# Aging Bones using Latex Caulk



## Haunted Bayou (Feb 16, 2007)

Hey,
I did a little experiment with some caulk and stain on a bucky bone. I added a little texture to the bone with some latex caulk and then stained it with Minwax stain after it dried. It seems to give the surface some texture and tack.

I used what I had in my garage. Any comments to help improve it are welcome. The lighter color bone does not have any caulk on it.


----------



## Bone Dancer (Oct 7, 2005)

I do the same thing with bluckys. I use latex and stain, normally oak stain. Cherry stain would give you a blood bone look. I can see where the caulk would do the same job and be cheaper. Good idea.


----------



## Haunted Bayou (Feb 16, 2007)

Thanks BD. 

I was looking for a latex alternative for small projects. This was caulk left over from a bathroom repair. The stain was left from another home improvement project. 
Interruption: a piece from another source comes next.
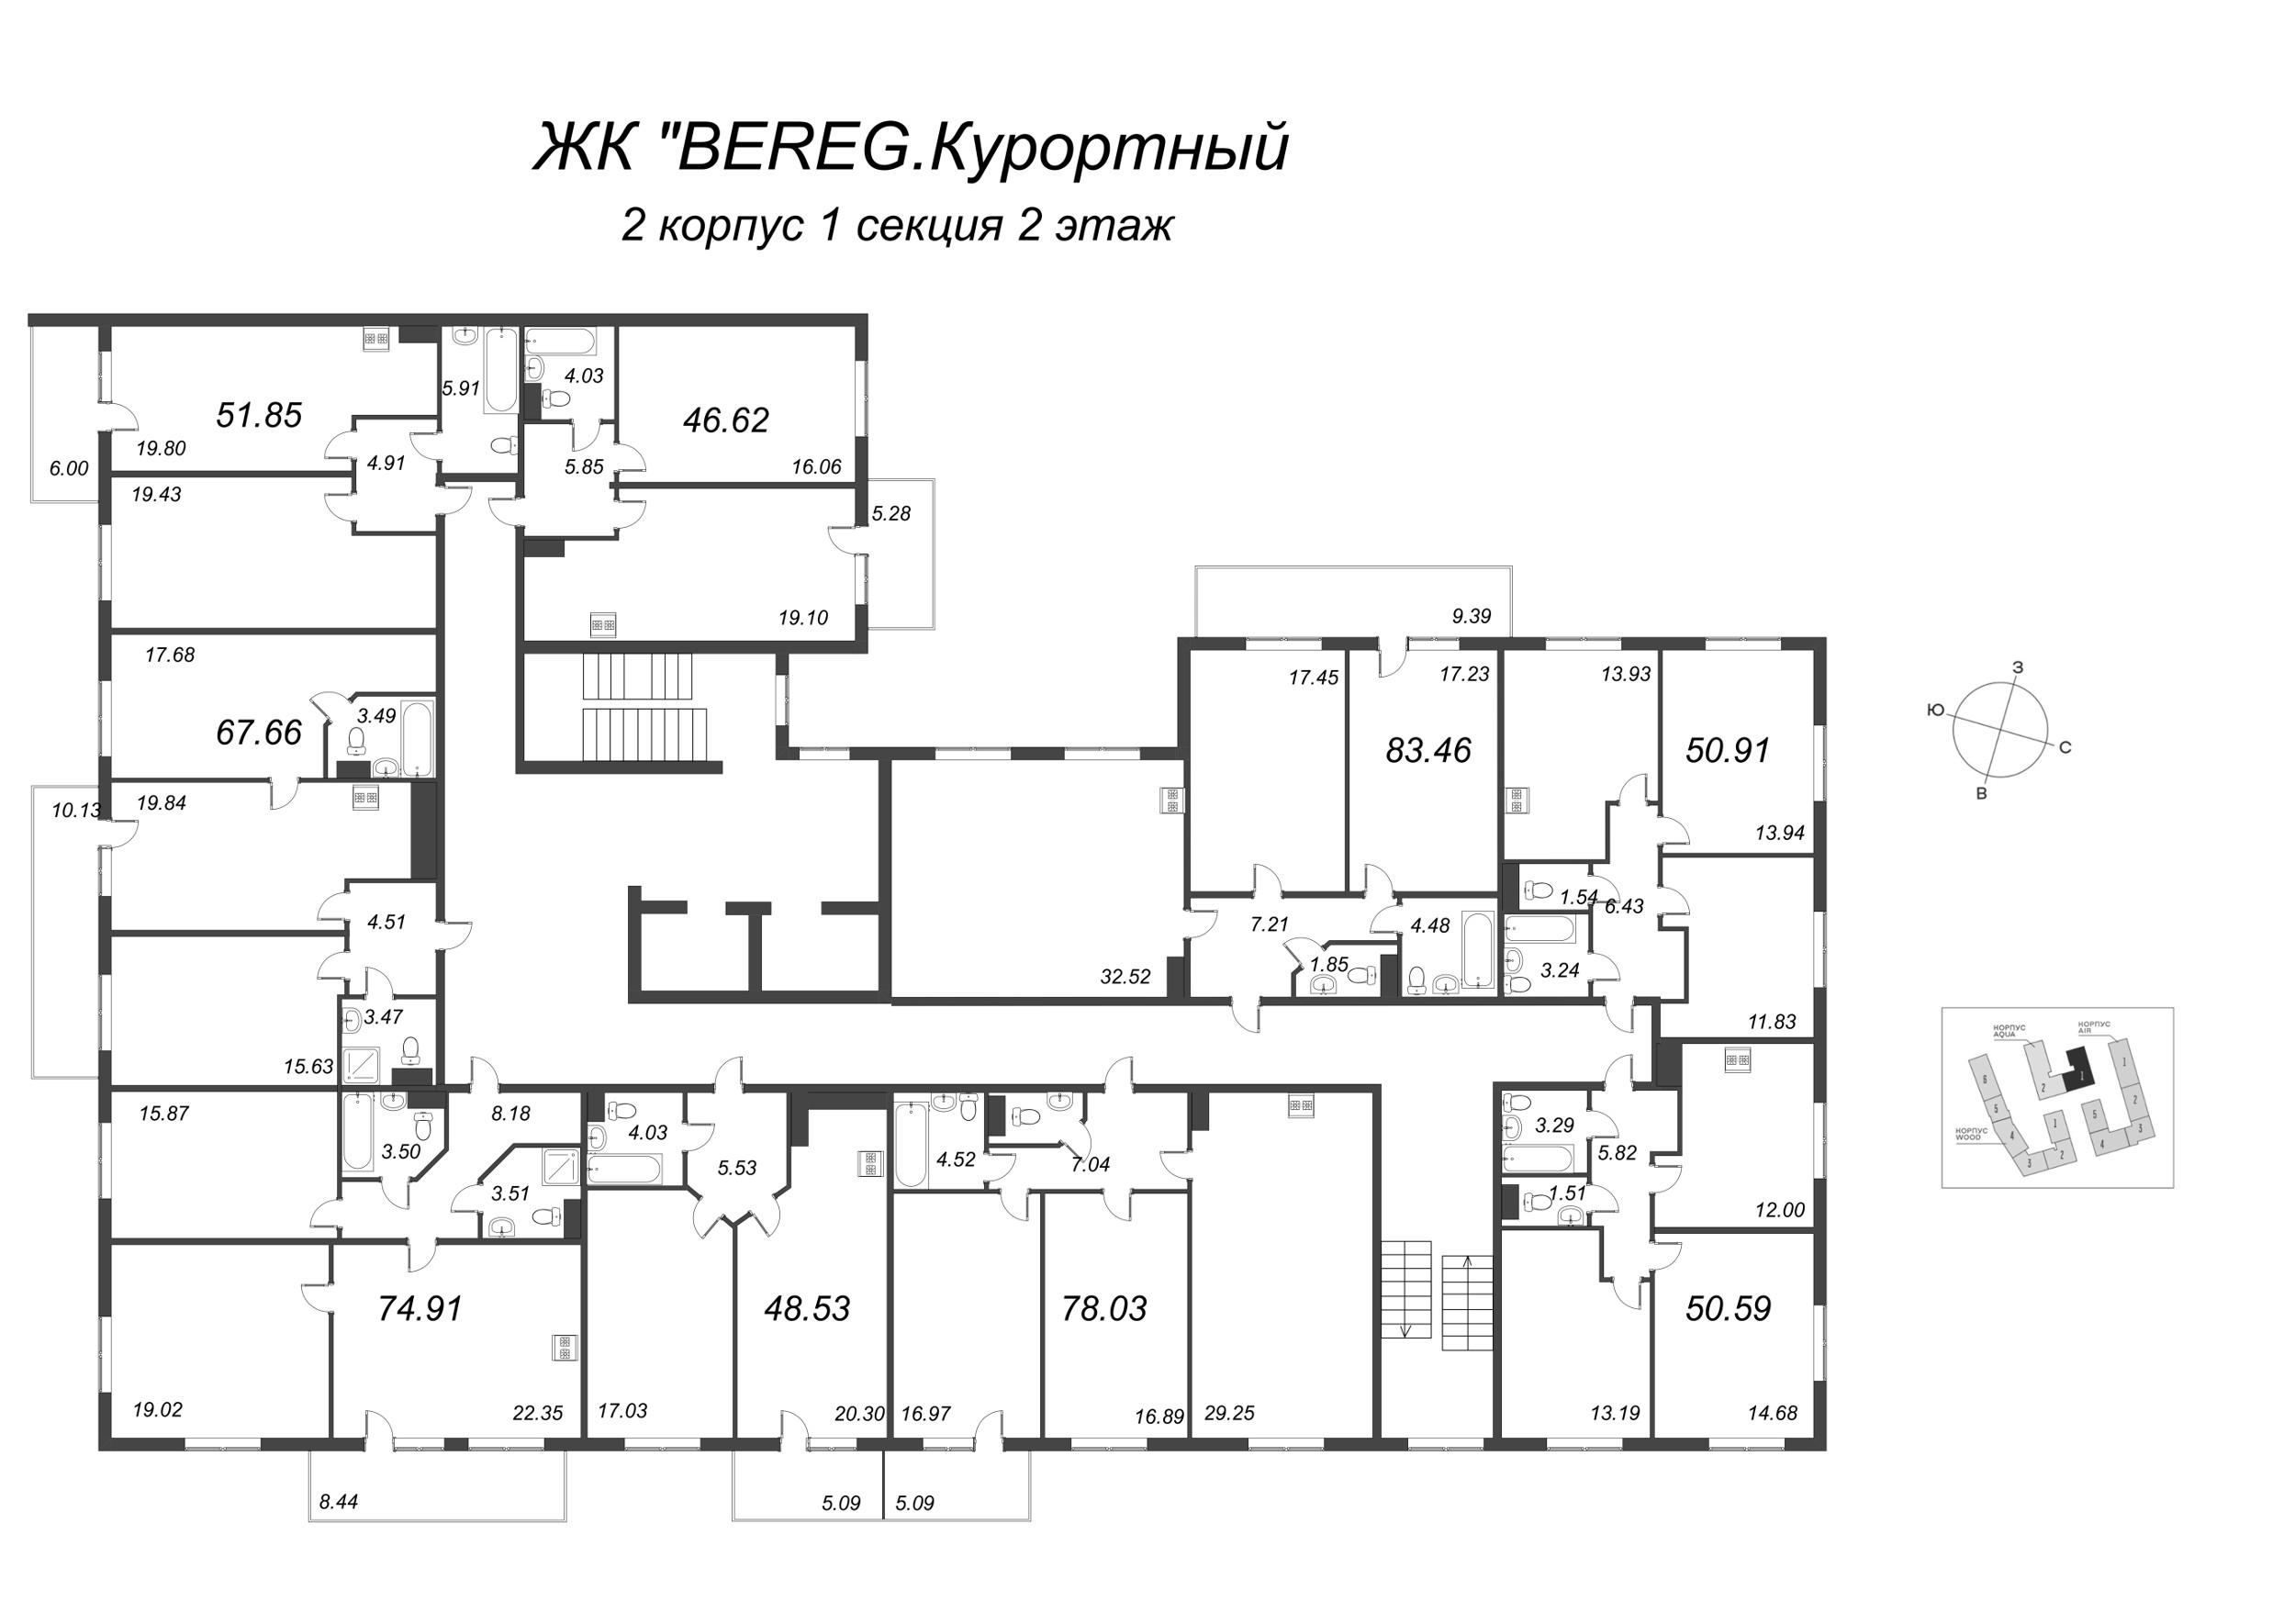 3-комнатная (Евро) квартира, 67.66 м² - планировка этажа

I'll probably experiment with it some more..I have a bag of bones to work with. What the heck??!!


----------



## Haunted Bayou (Feb 16, 2007)

o.k. I checked my experiment this morning. I guess because the bones are plastic..they don't realy absorb the stain. I wiped it down some more to get the extra stain off but I think it probably won't cure. Sooooo, do I just seal it with a clear coat? Will that work?
Anybody? anybody?


----------



## Lilly (Jun 13, 2006)

sure that will work...sometimes it takes a while to dry depending on the humidity and temps
they look good 
I also use the oak stain for stuff, but different color bones is good idea..why not


----------



## Haunted Bayou (Feb 16, 2007)

Alright, Lilly thanks for that advice.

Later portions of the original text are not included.